У Томаса, можетъ быть, есть свои собственныя убѣжденія на этотъ счетъ; можетъ быть, что онъ выражаетъ ихъ отчасти, проводя рукою по своей лоснящейся головѣ, отъ затылка ко лбу и обратно; но онъ не рѣшается высказать ихъ обстоятельнѣе и отправляется въ людскую застольную закусывать мяснымъ пирогомъ и запивать его пивомъ.

Этотъ грумъ ничто иное какъ передовая рыба передъ цѣлой стаей болѣе благородныхъ акулъ.

Въ слѣдующій вечеръ пріѣзжаютъ сэръ Лэйстеръ и миледи съ многочисленною свитою, пріѣзжаютъ кузины и другія приживалки, со всевозможныхъ точекъ компаса. Съ этой поры въ продолженіе нѣсколькихъ недѣль снуютъ взадъ и впередъ какіе-то таинственнаго вида, не имѣющіе опредѣленныхъ именъ люди, которые обѣгаютъ всѣ края государства, облагодѣтельствованные золотоноснымъ и пивнымъ дождемъ Дудля, но которые на самомъ дѣлѣ суть люди безпокойные характеромъ и неспособные когда-либо что-либо дѣлать.
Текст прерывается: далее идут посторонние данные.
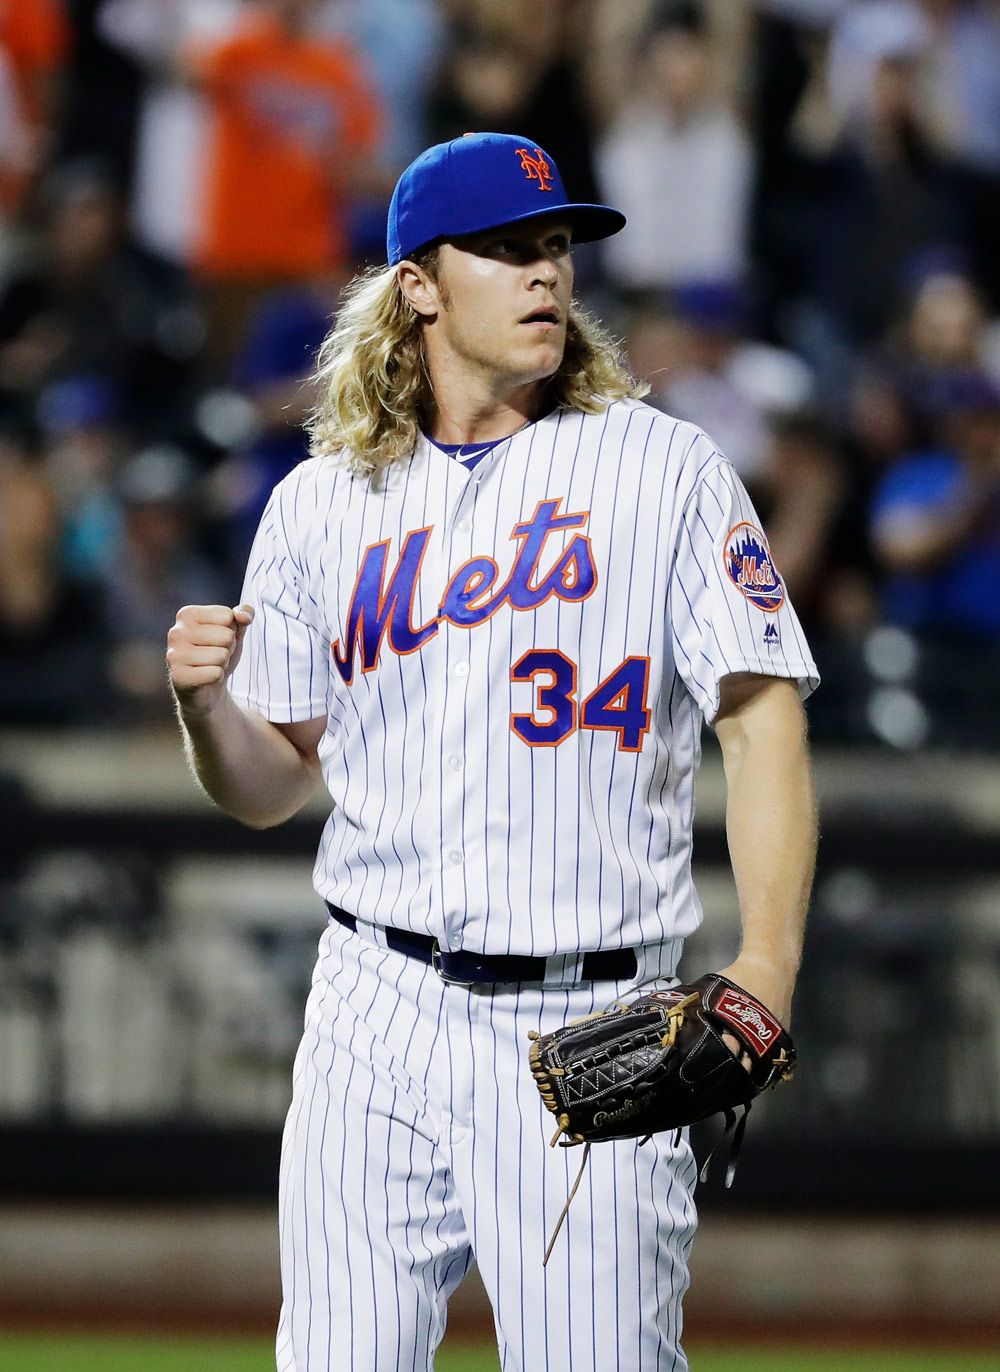 Noah Syndergaard and Jacob DeGrom Talk Hair Care, Man Buns and

При такихъ обстоятельствахъ отечества, сэръ Лэйстеръ находитъ свою родню весьма полезною. Чтобы разсуждать за обѣдомъ объ охотѣ, невозможно найти болѣе свѣдущаго собесѣдника, какъ достопочтенный Бобль Стэбльзъ. Трудно было бы отыскать джентльменовъ, которые бы такъ неутомимо ѣздили на баллотировку и избирательныя собранія и показывали такую стойкость, держа сторону Англіи, какъ остальные двоюродные братья. Волюмнія сама по себѣ маленькая штучка, но происхожденіе ея не подлежитъ никакому сомнѣнію, и многіе умѣютъ цѣнить ея остроумный разговоръ, ея французскіе каламбуры до того старые, что съ теченіемъ времени, они снова сдѣлались новизною, умѣютъ цѣнить честь вести эту прекрасную представительницу Дэдлоковъ къ обѣду или удовольствіе получить ея руку въ танцалъ. При подобныхъ отечественныхъ обстоятельствахъ, танцы могли бы назваться услугою, оказанною отечеству; потому, вѣроятно, Волюмнію почти постоянно можно видѣть прыгающею ко благу равнодушнаго и не назначившаго ей пенсіи отечества.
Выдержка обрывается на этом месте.